Blackstone, one of the world’s largest asset managers, announced Monday that it hired former Canada Pension Plan Investment Board executive Janice Lin as head of its real estate in Canada. For the past two years, Ms. Lin was chief investment officer at retirement home operator Revera Inc.
“I look forward to strengthening Blackstone’s strong presence in Canada and supporting businesses across a number of different sectors,” said Ms. Lin in a press release. “Canada’s population growth is the highest among G7 nations and is nearly double that of the U.S., and I believe that will continue to create exciting opportunities in the market.”
Blackstone currently owns about 450 properties in Canada, valued at $14-billion. The bulk of its portfolio is focused on logistics, such as warehouses. In 2018, Blackstone teamed up with Ivanhoé Cambridge Inc., a subsidiary of Caisse de dépôt et placement du Québec, to acquire Pure Industrial REIT for $3.8-billion, including debt. Last year, Pure acquired an additional 190 industrial properties as part of the Cominar REIT takeover.
More recently, Blackstone expanded its Canadian commercial and residential holdings. The fund asset manager bought Vancouver’s Bentall Center in 2019 for $1-billion. In 2021, it acquired three office buildings in downtown Toronto, a tech-focused property known as the Atlantic complex, for $240-million.
Last year, Blackstone and a partner also bought a 12-property chain of seniors homes in Quebec. In April, the asset manager purchased Montreal’s Air Canada-Altoria Tower, a building which combines offices and condominiums, for $230-million.
Nadeem Meghji, Blackstone’s New York-based head of real estate Americas, said the fund manager invests around major themes, which currently include owning industrial properties linked to e-commerce, rental housing, life science offices, and film studios which are benefitting from surging production for streaming services.
“We are long-term believers in the strength of the Canadian economy,” Mr. Meghji, a native of Vancouver, said in a press release.
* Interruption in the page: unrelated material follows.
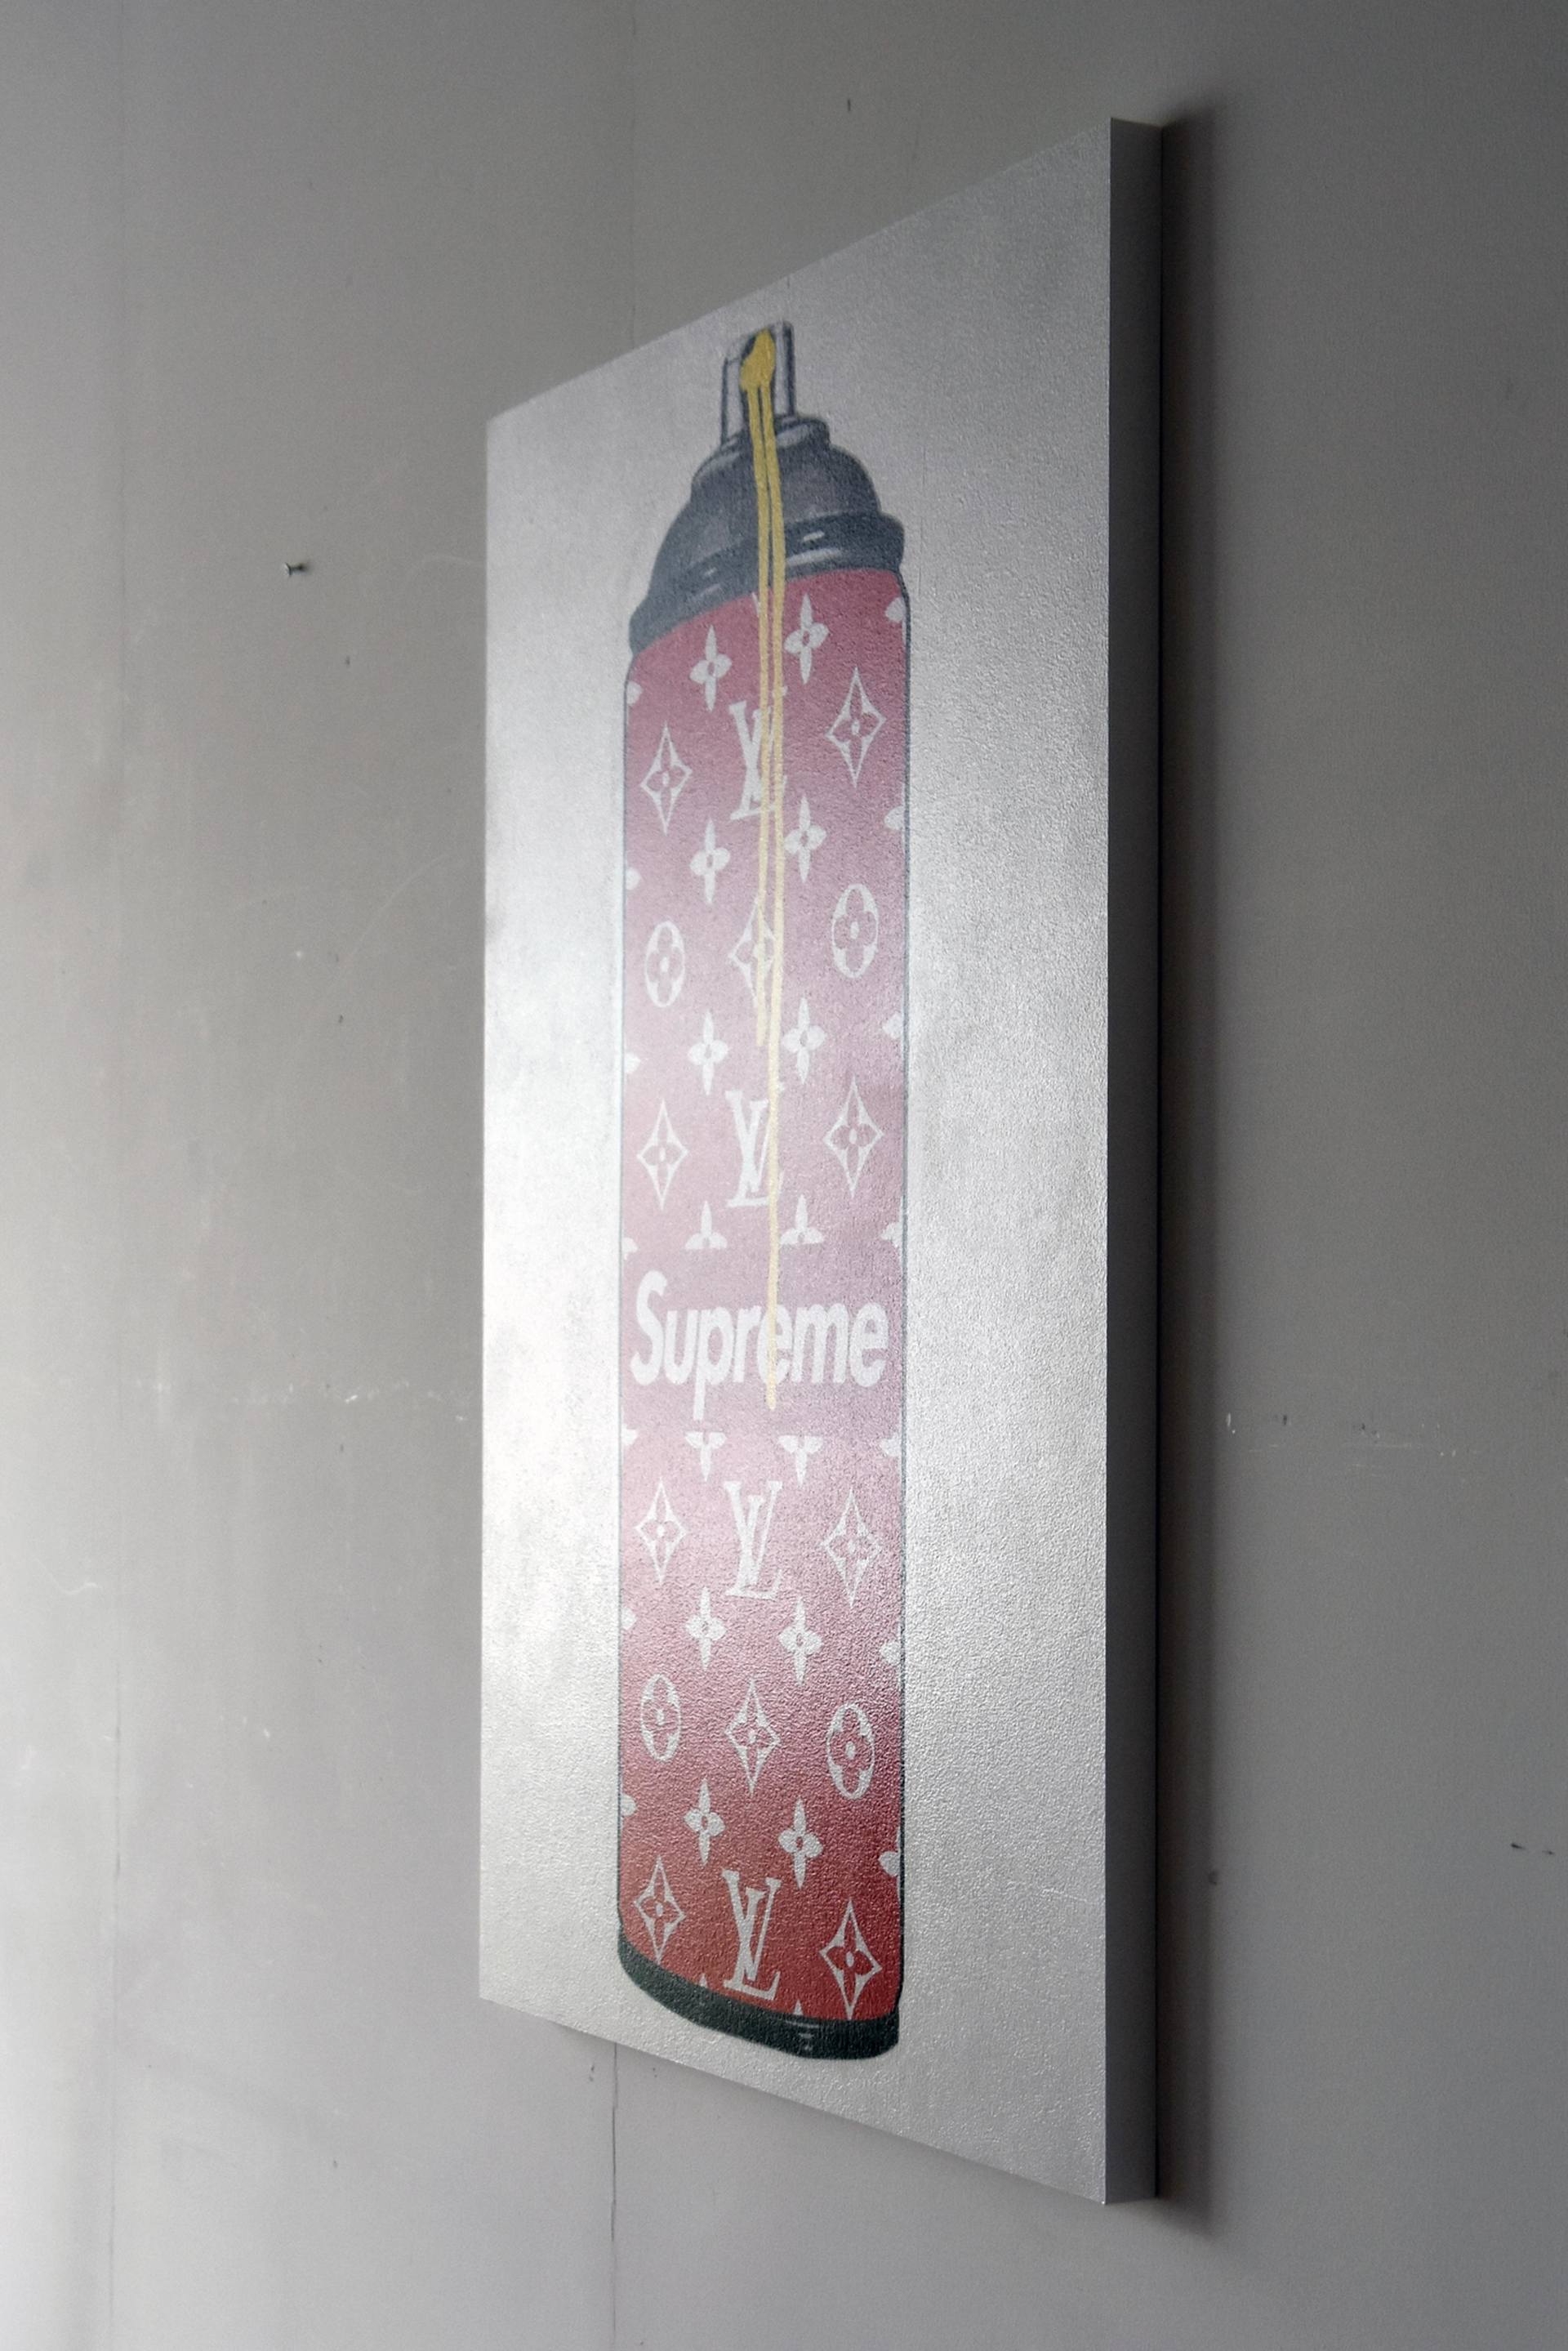 LV Supreme - OG (Yellow Drip) Painting by Campbell La Pun

Blackstone is one of the world’s largest property investors, with US$298-billion of real estate and US$880-billion of assets under management. A number of its major competitors are Canadian, including Brookfield Asset Management Inc.
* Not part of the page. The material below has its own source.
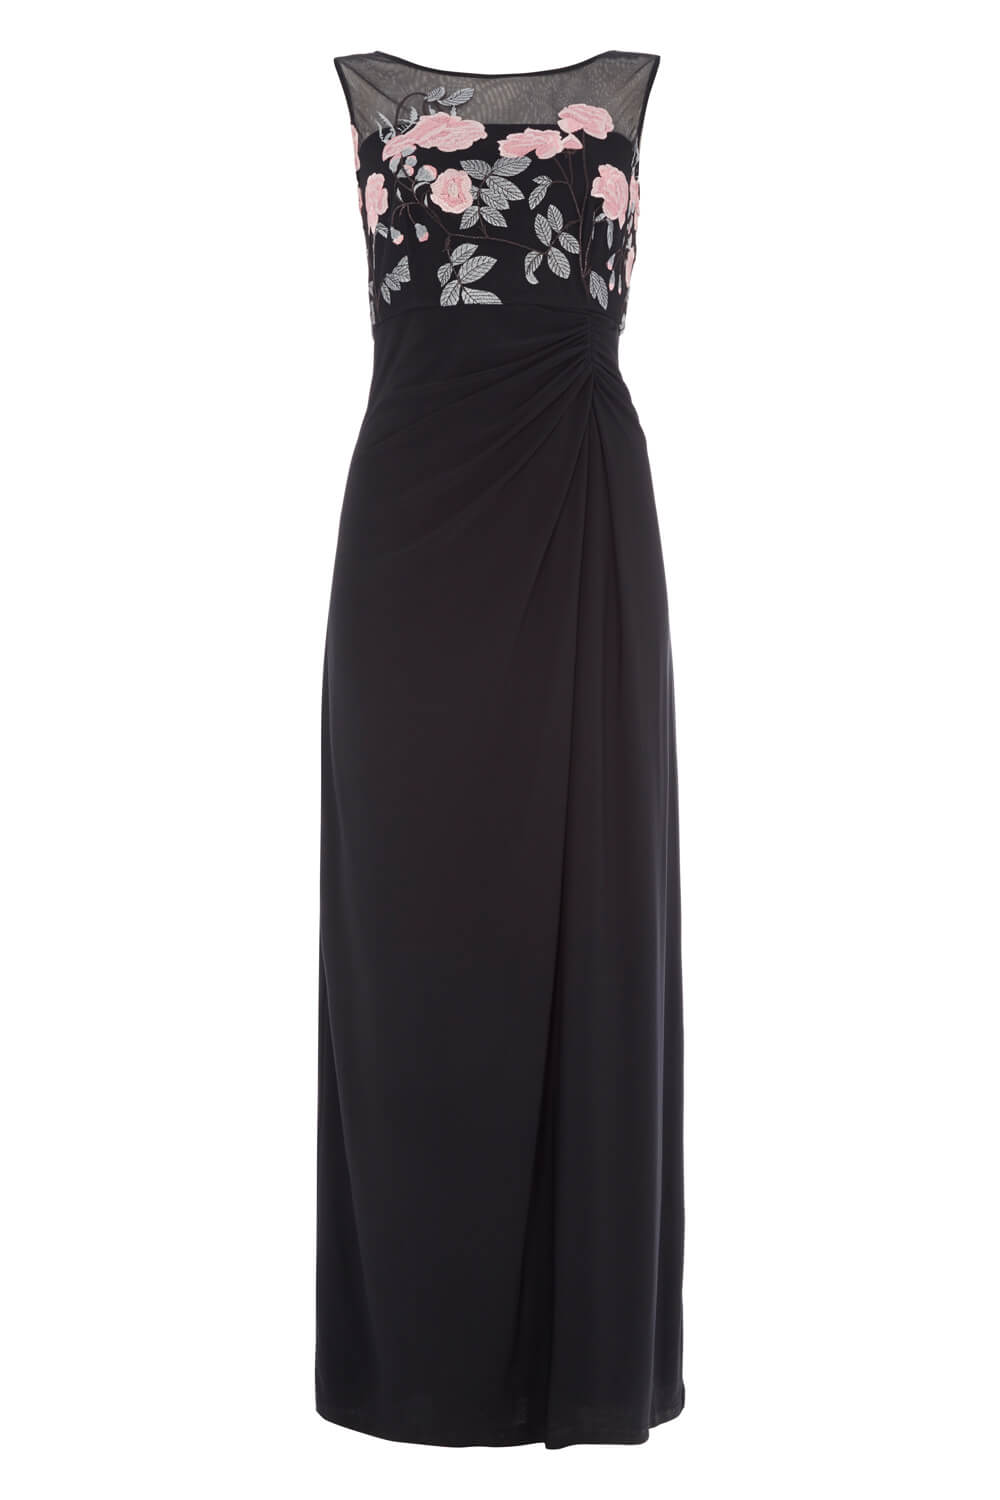 Black Rose Embroidered Maxi Dress, Image 4 of 4

Blackstone is bulking up as its institutional investor clients increase the amount of capital they earmark for real estate. A survey of pension plans, insurers and endowments published in April by British-based investment data service Preqin found that 26 per cent of investors plan to allocate US$300-million or more to real estate this year; just 9 per cent were setting aside that much capital one year ago.
Globally, fund managers have about US$4.1-trillion invested in the sector, according to industry surveys.
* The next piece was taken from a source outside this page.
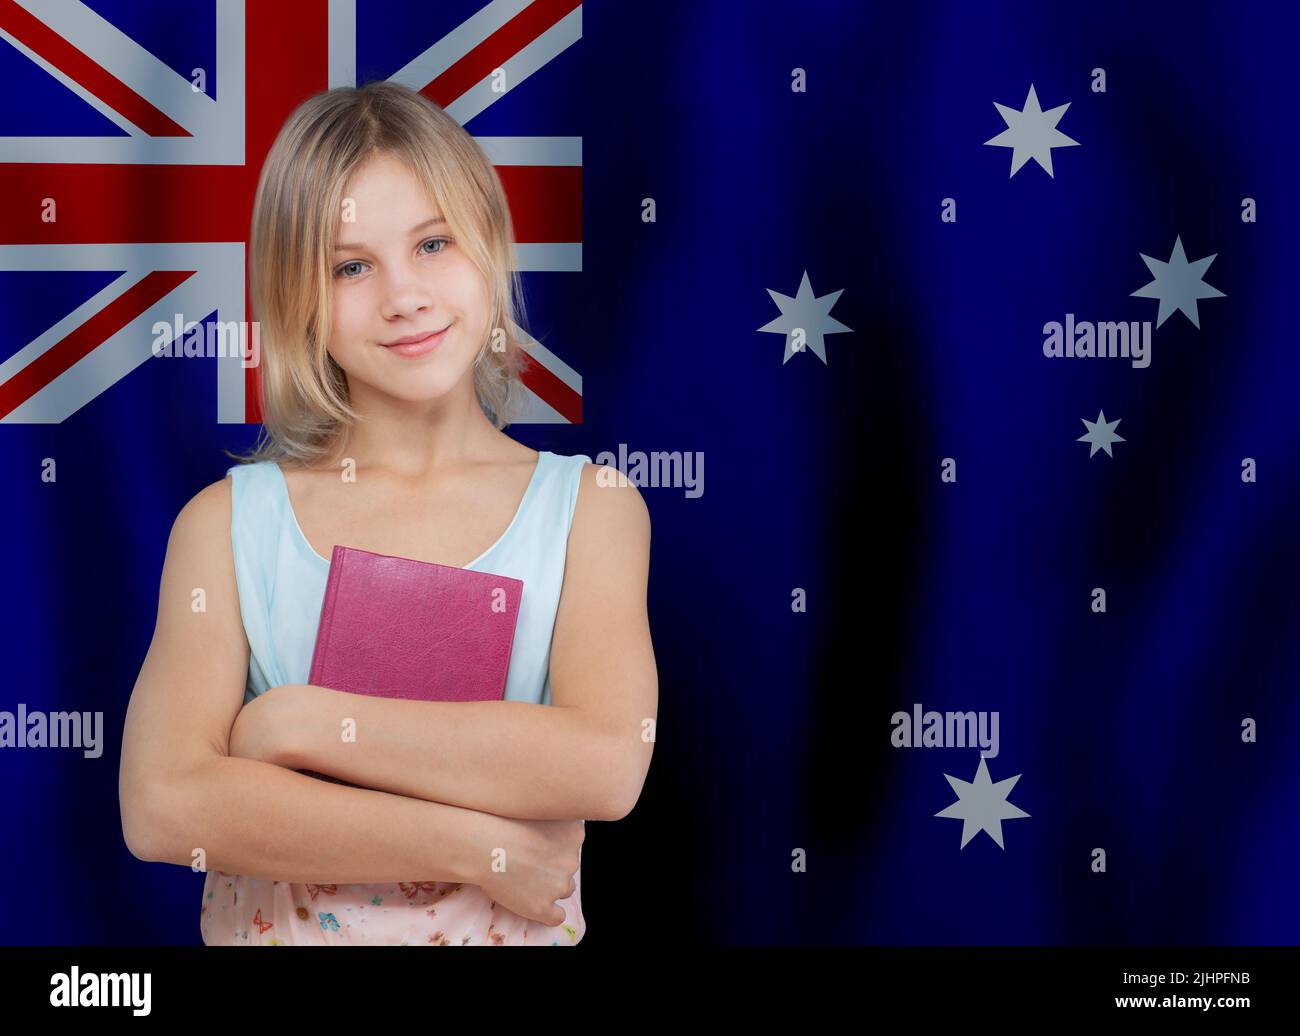 School student girl standing with book on Australian flag background. Education and school in Australia concept. Stock Photo

Part of the appeal of property is its perceived value as a hedge against inflation. Commercial real estate services firm Avison Young recently released a study that said “the relationship between real estate and inflation is much more nuanced than conventional wisdom would suggest.”
Avison Young looked at major Canadian, U.S. and British markets and found that over the short term – less than five years – property markets don’t offer much protection from spikes in inflation. However, once investment horizons move to five years or more, the sector outperformed. The study found “real estate’s inflation-protecting capabilities are best suited to long-term owners who are prepared to ride the fluctuations of multiyear economic and real estate cycles.”